1 pound organic, pasture-raised spicy chicken sausage (if vegan, omit and add 1 teaspoon red pepper flakes at the end)
1 large yellow onion
4 cloves garlic, minced
2–3 cups diced red, new potatoes
2–3 cups diced cauliflower (from about 1 small head)
1/4 teaspoon fine grain sea salt
1 can full-fat coconut milk
4 cups veggie broth
1 bunch curly kale, stems removed and torn into bite sized pieces
2 teaspoons fresh thyme leaves
Red pepper flakes, to garnish
In a large heavy-bottomed pot, heat 2 tablespoons of olive oil over medium high. Add sausage, breaking it apart into small pieces with a wooden spoon, and cook until brown, about 10 minutes. Transfer to a plate; don’t wash out pot.
If you’re vegan, start here: add 1 tablespoon of additional olive oil to the pot. Add the potatoes, onion, cauliflower, and sea salt. Cook on medium-high until just brown, about 5-7 minutes.
Add the coconut milk, vegetable broth, and thyme, scraping the brown bits off the bottom of the pan (these help make the soup delicious!). Bring to boil, then reduce heat to simmer. Simmer for 10 minutes, until the potatoes are easily pierced with a fork.
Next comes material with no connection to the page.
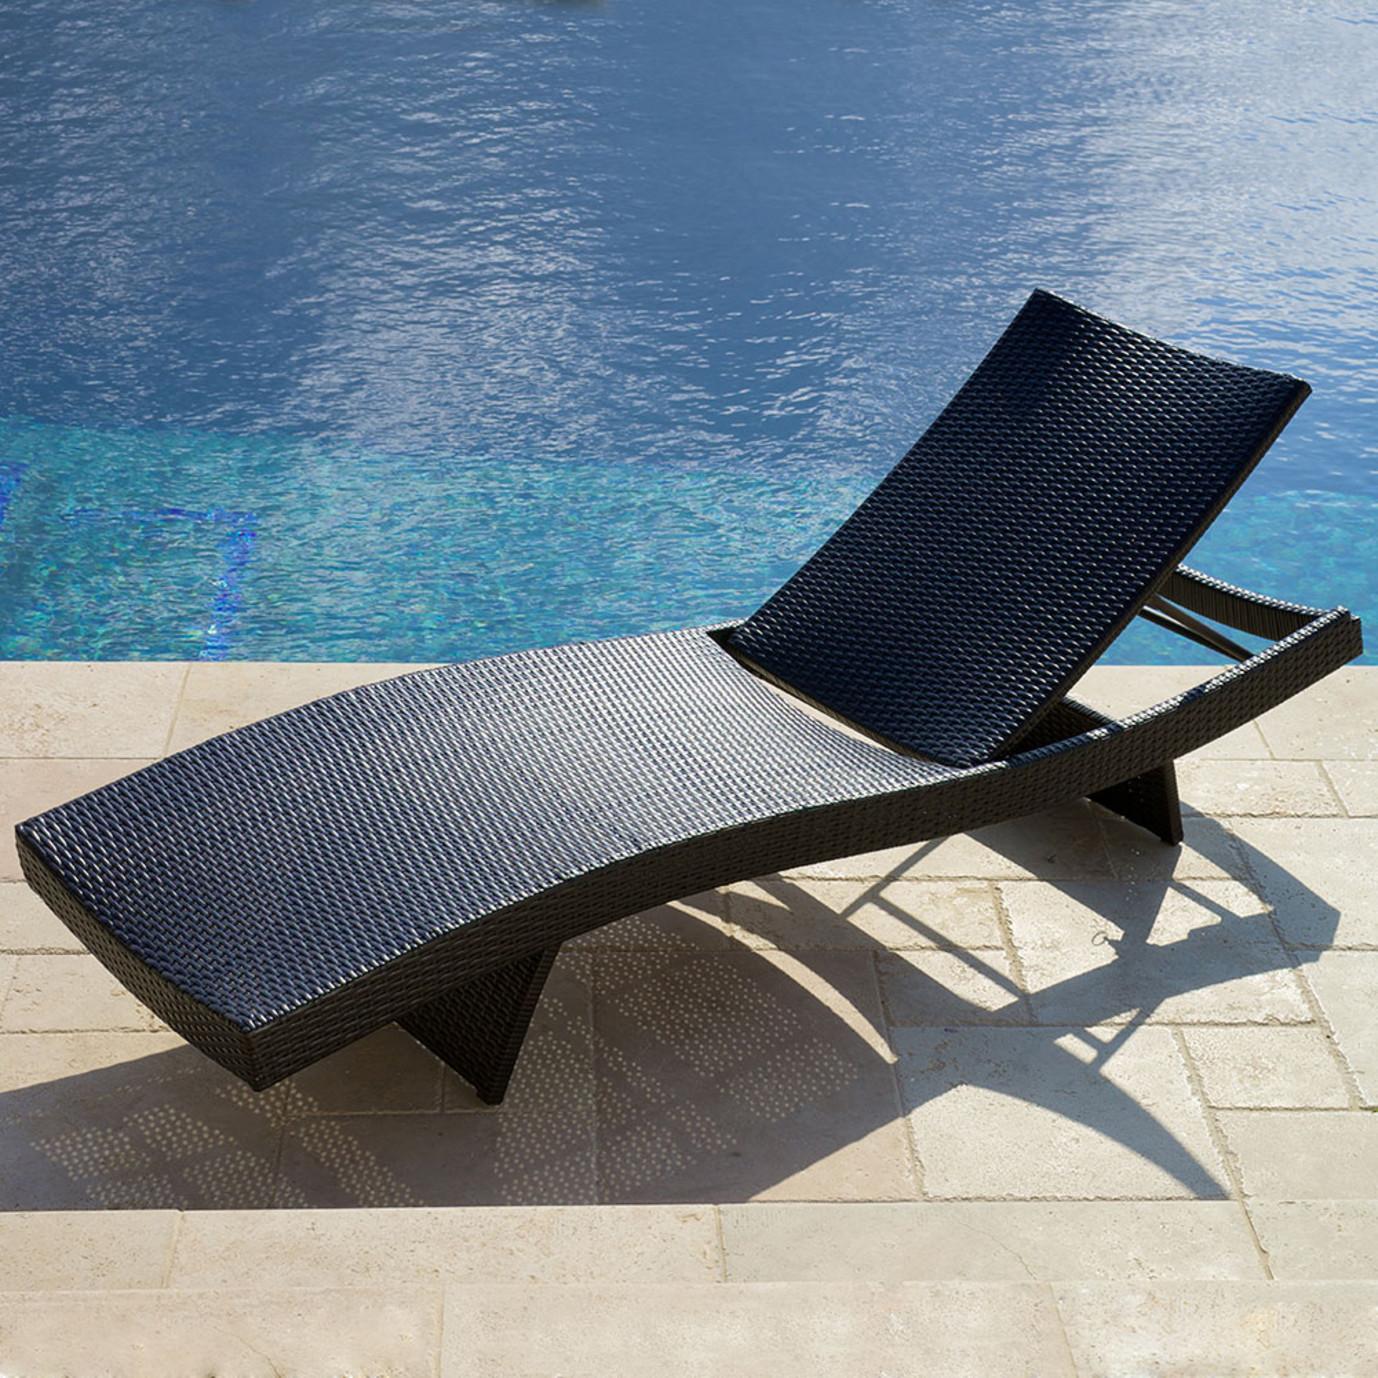 portofino comfort chaise lounges espresso rst brands. Black Bedroom Furniture Sets. Home Design Ideas

Add the garlic (leaving it until this point makes it far more immune-boosting, which you can read about more in my cookbook), kale, and sausage (if using—if omitting, add those red pepper flakes now). Cook until the kale is bright green and wilted, about 3 minutes. Serve warm. Serves 4; can be kept in the fridge for 4-5 days.